# 4 week old kittens



## aimes08 (Apr 11, 2008)

My kittens are four weeks old this friday and i was jus wondering when i should start weaning them onto kitten food and how!! I have already tried soaking some dry food in water until its really mushy but i just cant get them to try it! 
Also while i'm here, mommy cat can sometimes be quite rough with her babies, she bites their head, neck, and face. I know she is only playing but is it ok for her to be so rough??


----------



## Sol (Feb 20, 2003)

Now is a good time to start. Wet food or minced meat mixed with kitten formula is a good starter. Put some food in the little monsters mouths and see what happens. :wink: Sometimes it can take more than one try.

Mother cat is rough, but she knows the limits.
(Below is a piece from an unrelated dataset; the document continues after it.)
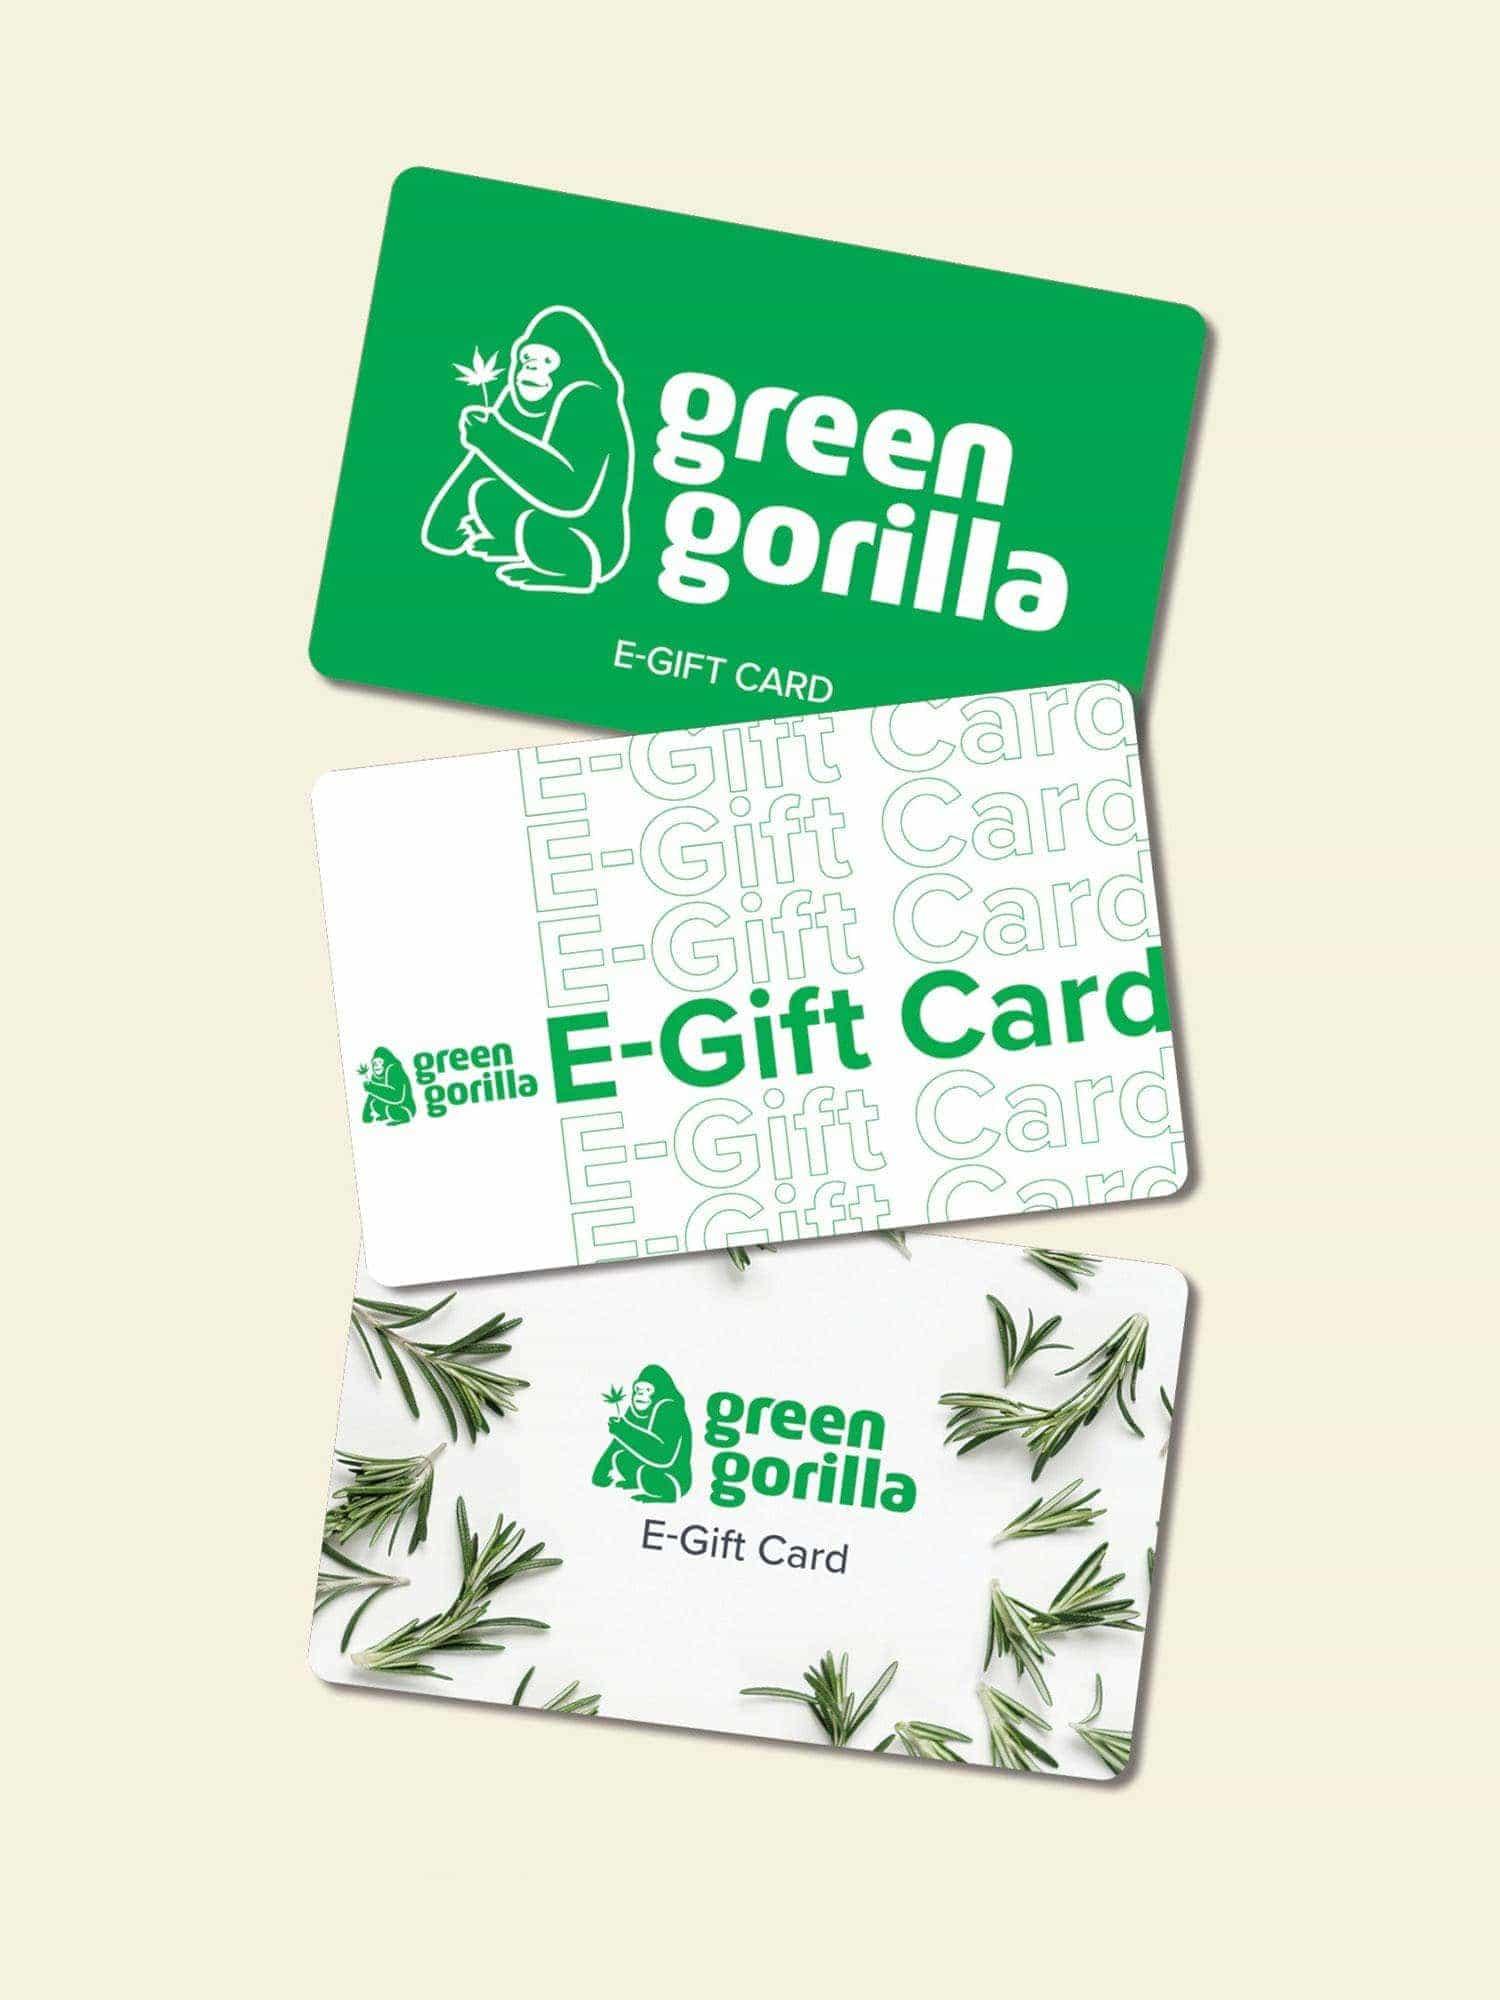 Green Gorilla Premium CBD E-Gift Card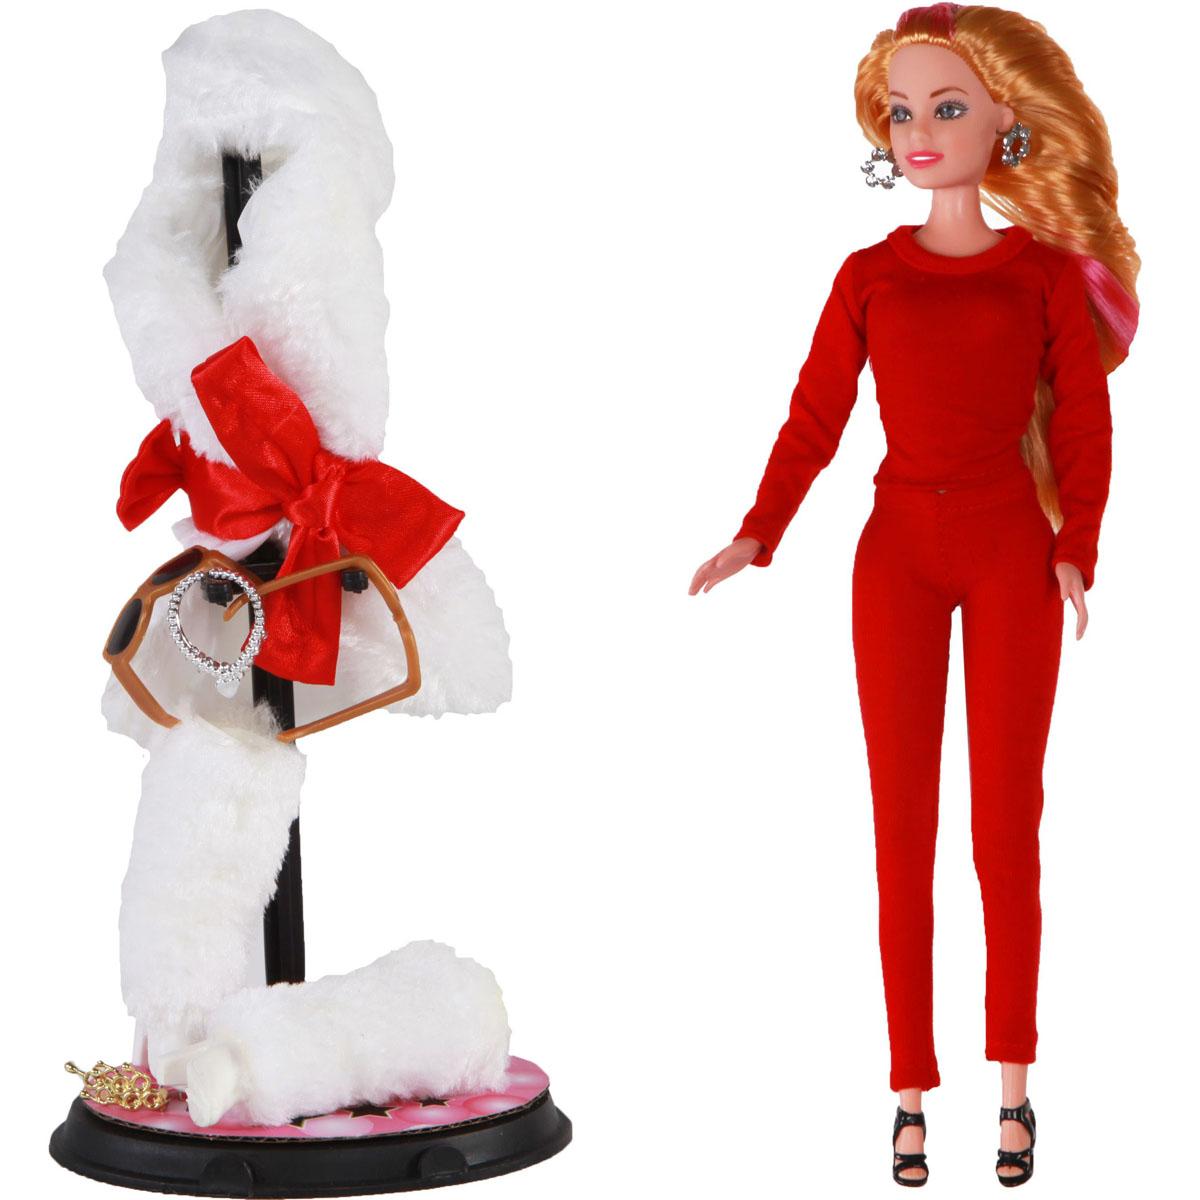 Yako Кукла Натали M6581-1 куклы и одежда для кукол yako кукла софи m6579 4

Don't worry about that.


----------



## aimes08 (Apr 11, 2008)

*weaning*

the little monsters just spit it back out! i've been trying for three days now! they seem more interested in licking the walls in my house!! and my fingers but only when there is no kitten food on them!! lol! awkward little things!!!


----------



## Sol (Feb 20, 2003)

*Re: weaning*



aimes08 said:


> the little monsters just spit it back out! i've been trying for three days now! they seem more interested in licking the walls in my house!! and my fingers but only when there is no kitten food on them!! lol! awkward little things!!!


Patience my friend, patience. :wink:


----------



## Loving_My_Cats (May 26, 2004)

If they spit it out, they aren't quite ready yet. I used to have to dip their face in it just to get them to try it. When they are ready, they'll catch on.


----------